YOUR TASK: Leave out the pictures and repeat the entries below verbatim.

*** EXERCISE MATERIALS Section Begins ***

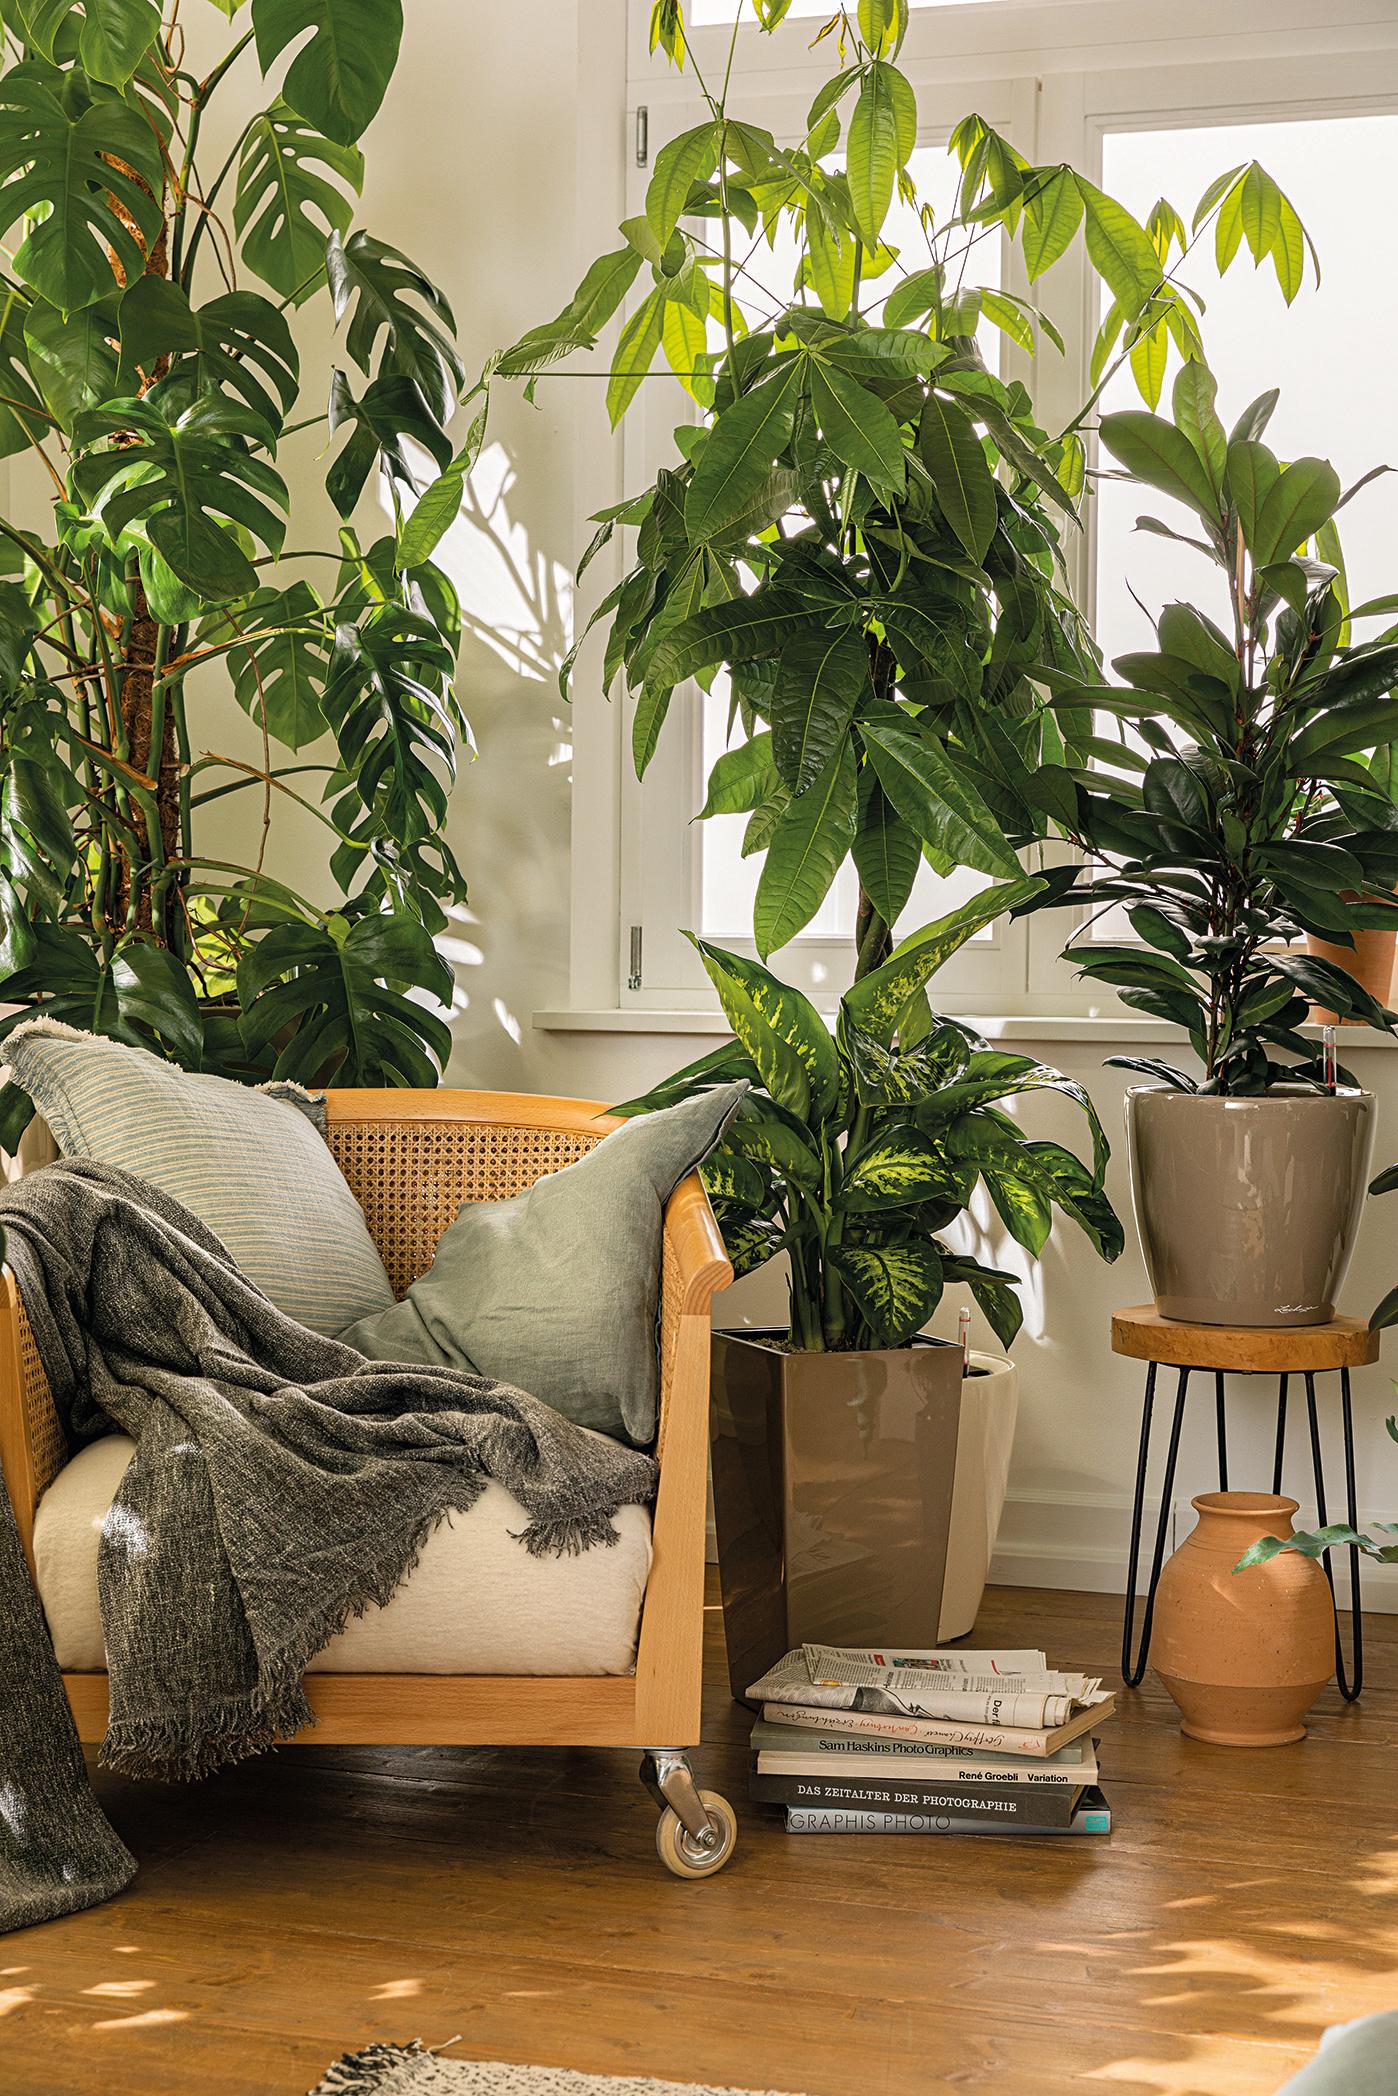 Mit LECHUZA-PON kannst du dir mühelos deinen eigenen Wohlfühlplatz schaffen
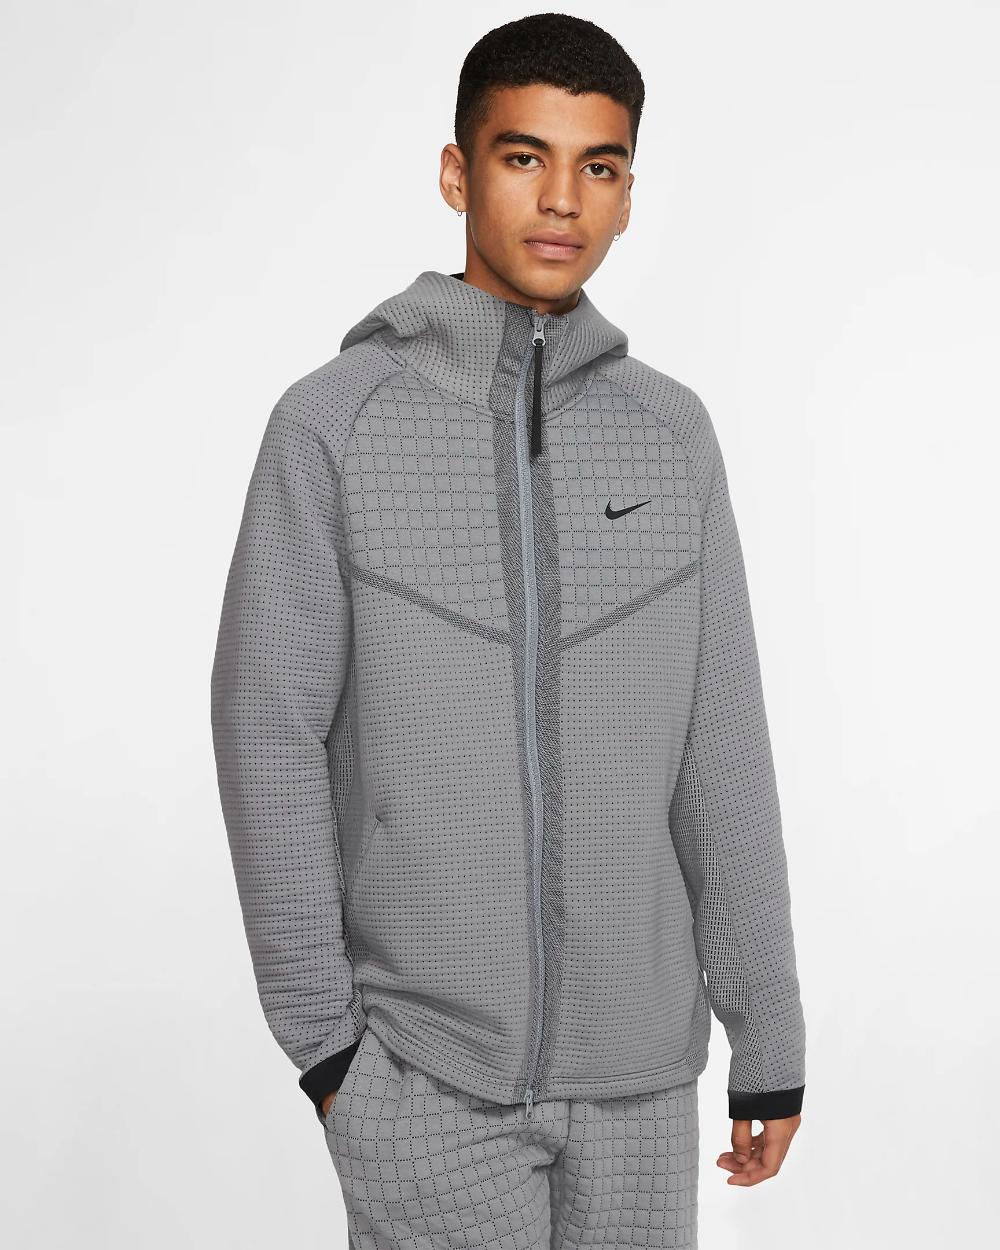 Nike Sportswear Tech Fleece Engineered Men S Full Zip Hoodie Nike Com Full Zip Hoodie Tech Fleece Nike Sportswear
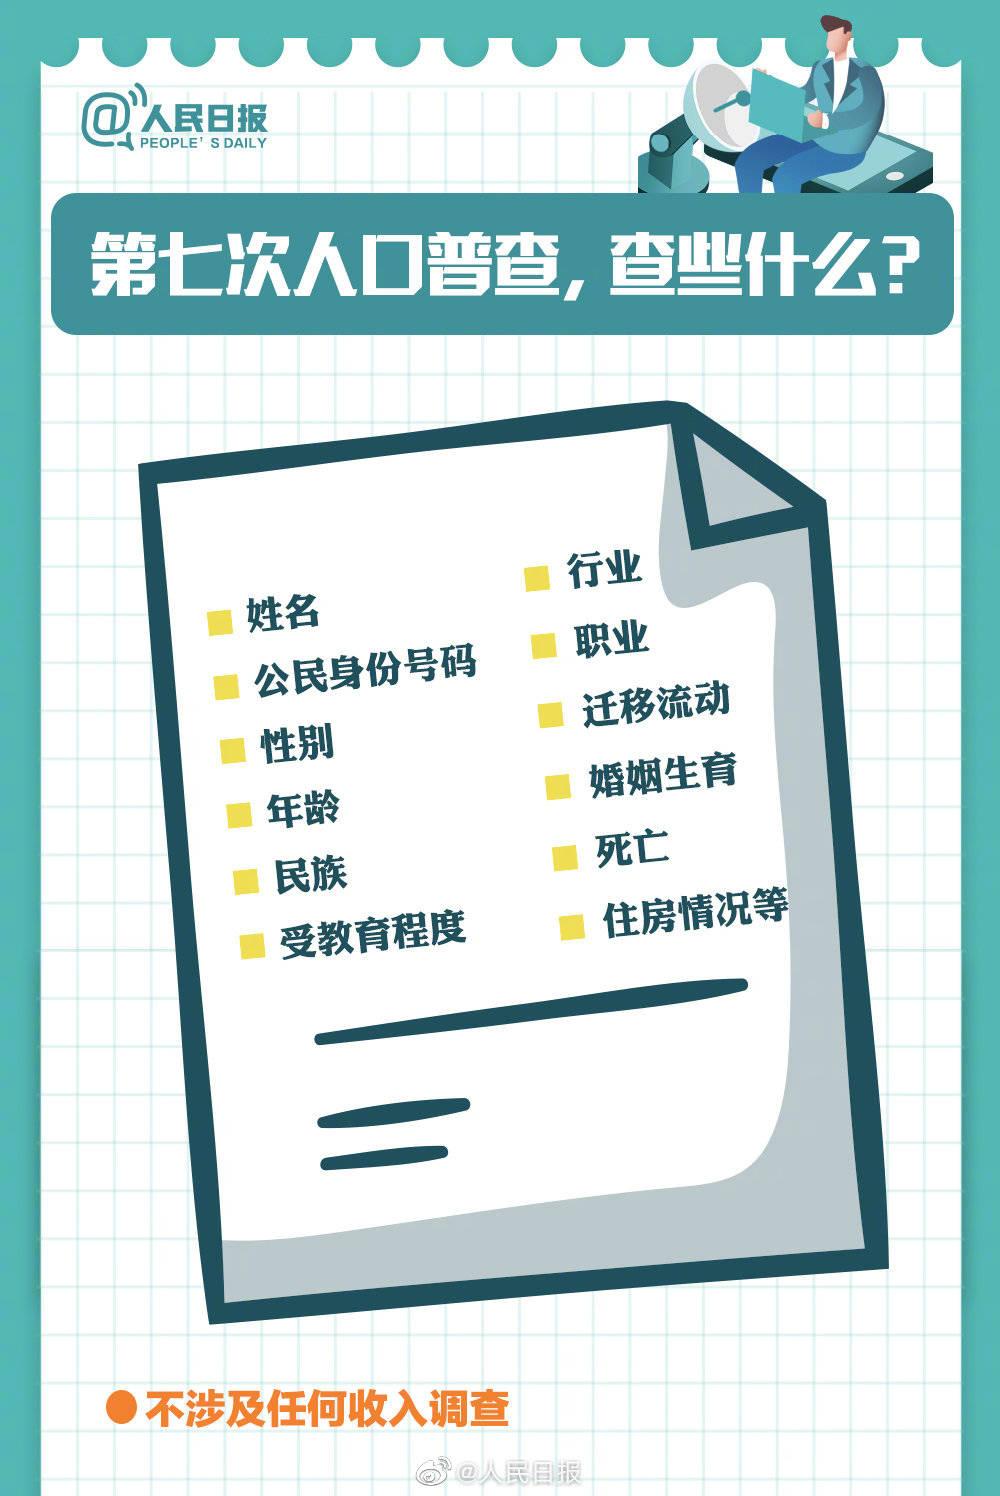 吴江市人口2020总人数口_香港人口2020总人数口
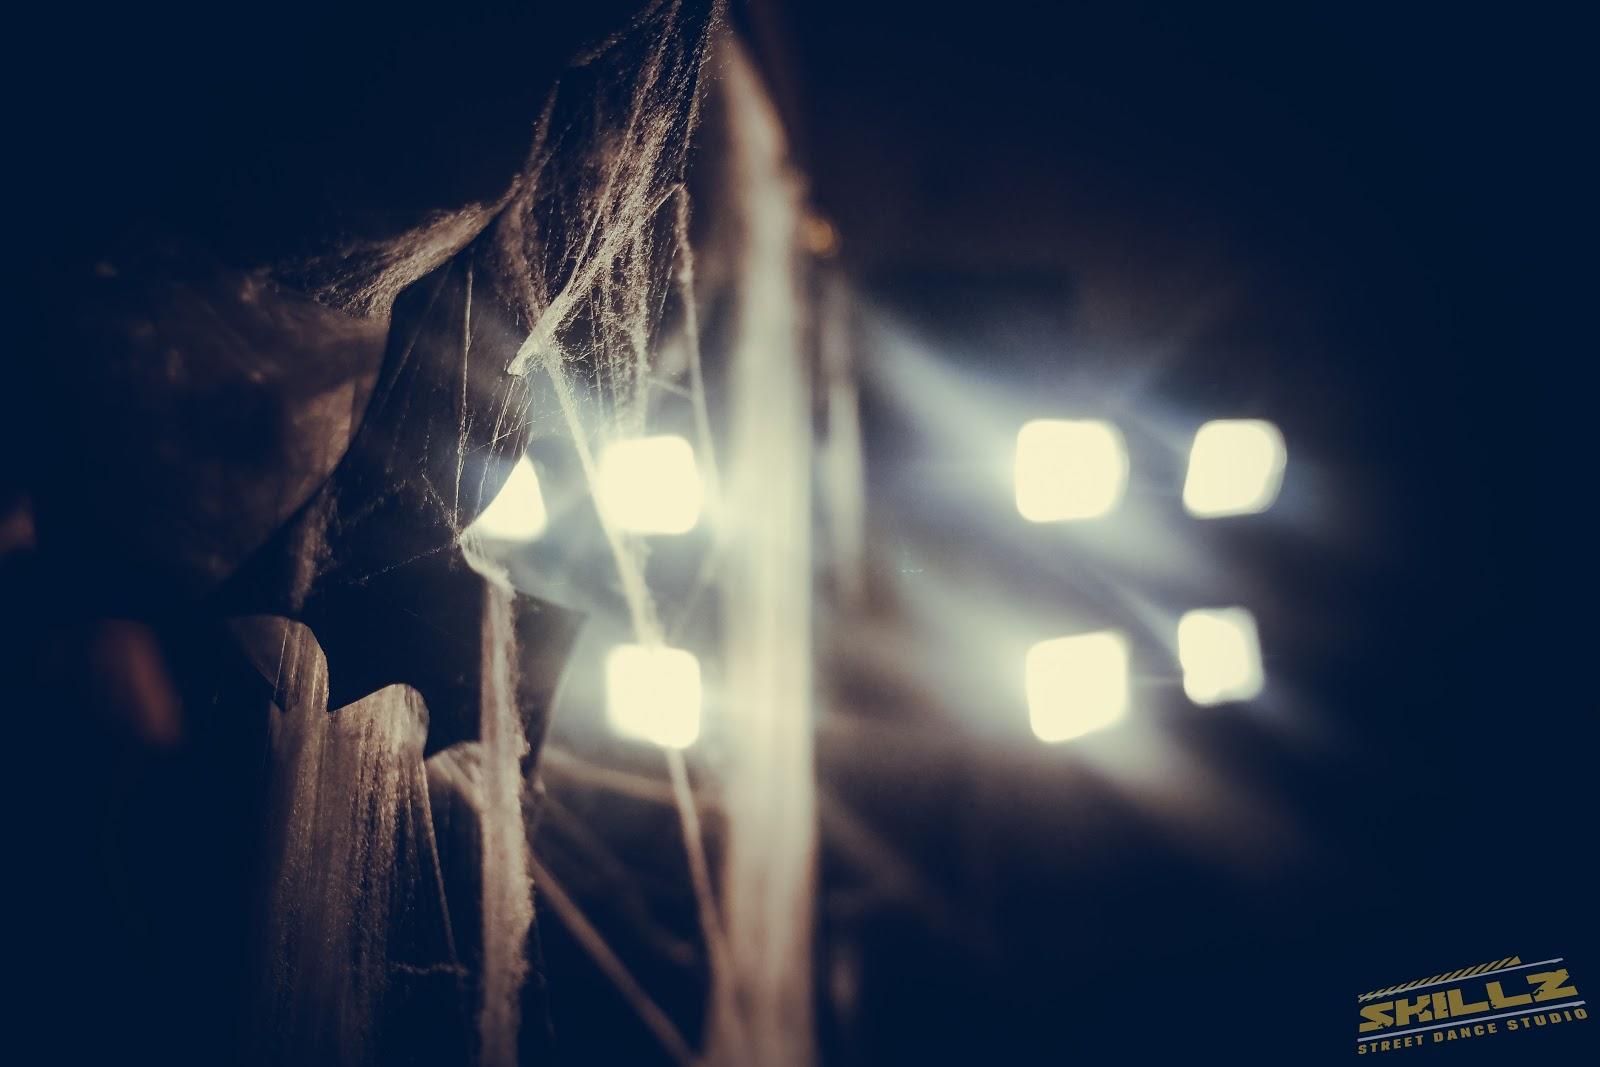 Naujikų krikštynos @SKILLZ (Halloween tema) - PANA2160.jpg
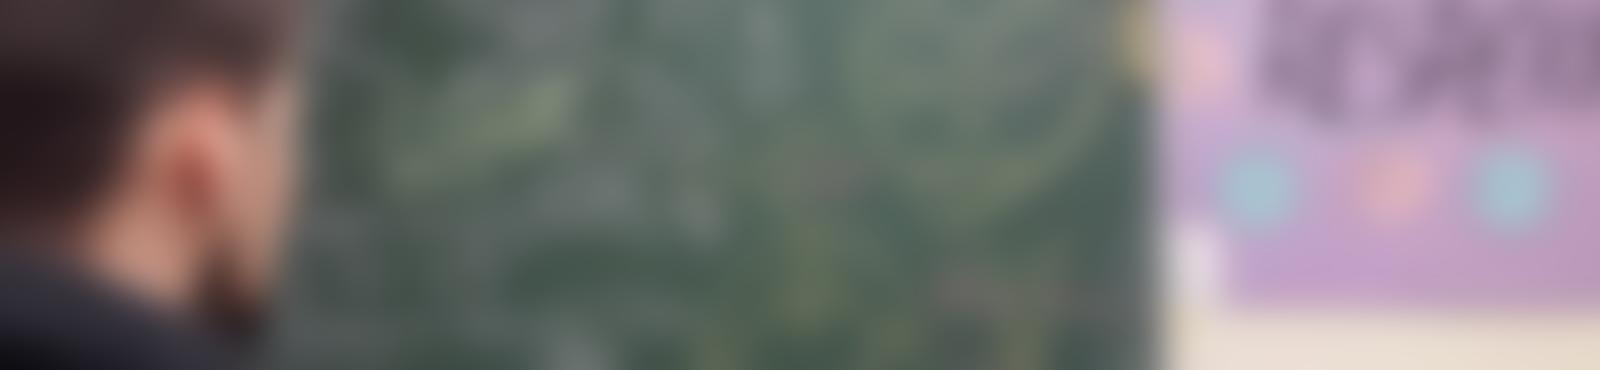 Blurred 163ecc9b f584 404f be2f e0dd81e08ce5

*** EXERCISE MATERIALS Section Ends ***

EXERCISE SOLUTION:
 Mit LECHUZA-PON kannst du dir mühelos deinen eigenen Wohlfühlplatz schaffen
 Nike Sportswear Tech Fleece Engineered Men S Full Zip Hoodie Nike Com Full Zip Hoodie Tech Fleece Nike Sportswear
 吴江市人口2020总人数口_香港人口2020总人数口
 Naujikų krikštynos @SKILLZ (Halloween tema) - PANA2160.jpg
 Blurred 163ecc9b f584 404f be2f e0dd81e08ce5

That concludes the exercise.